In the association we feel the need to collect, in addition to the attack, various experiences lived in their lives. The documented historical narration has been added to Alberto's verbal and verbal works so that, through each passage, the reader enters the path of Alberto. The book is another way to tell the Colombian conflict.
On top of that are the presidential elections. The polls show the first progressive front led by Gustavo Petro. Will the change come to Colombia? Will the change have the force needed to revolutionize the situation?

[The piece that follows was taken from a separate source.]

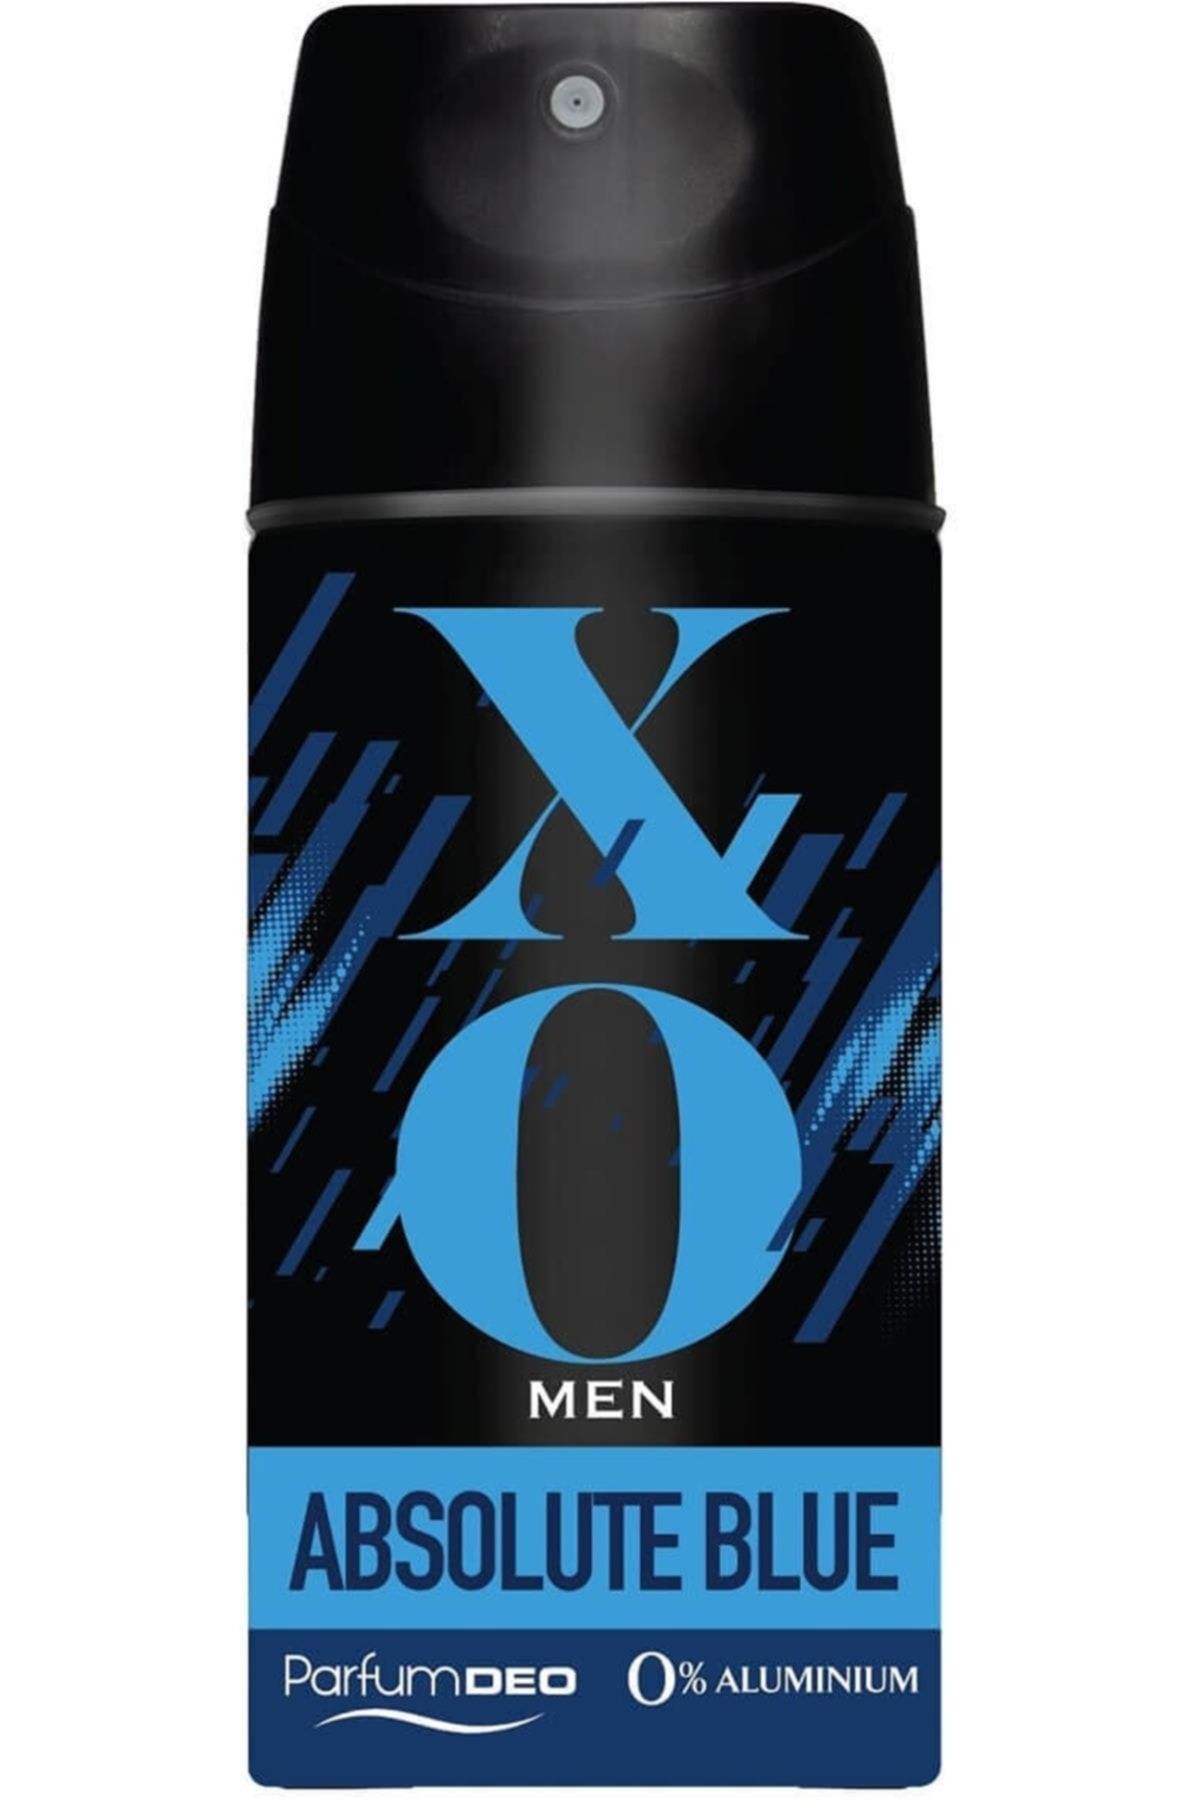 Xo Deodorant Absolute Blue 150ml EVXTZT1004274

A. Ugalde: It is one thing to take ownership of Parliament and the Government and another is to have sufficient force to change the basic structures of the State. Sometimes left-wing forces come to governments – I will speak in plural because they are multiple – but the changes are not profound or permanent: Lula Da Silva or Dilma Rouself in Brazil, Rafael Correa in Ecuador… In Peru management is also being quite poor. In Colombia the same thing: although I win the coalition of the Historical Pact, I have many doubts about what can happen. The coalition is a mess of forces that I do not know how they will resolve contradictions in implementing decisive policies. Gustavo Petro is not a politician who plays his neck. Alberto sees Petro as a chameleon and, of course, the Power Bloc will extend ruthless opposition to him and change.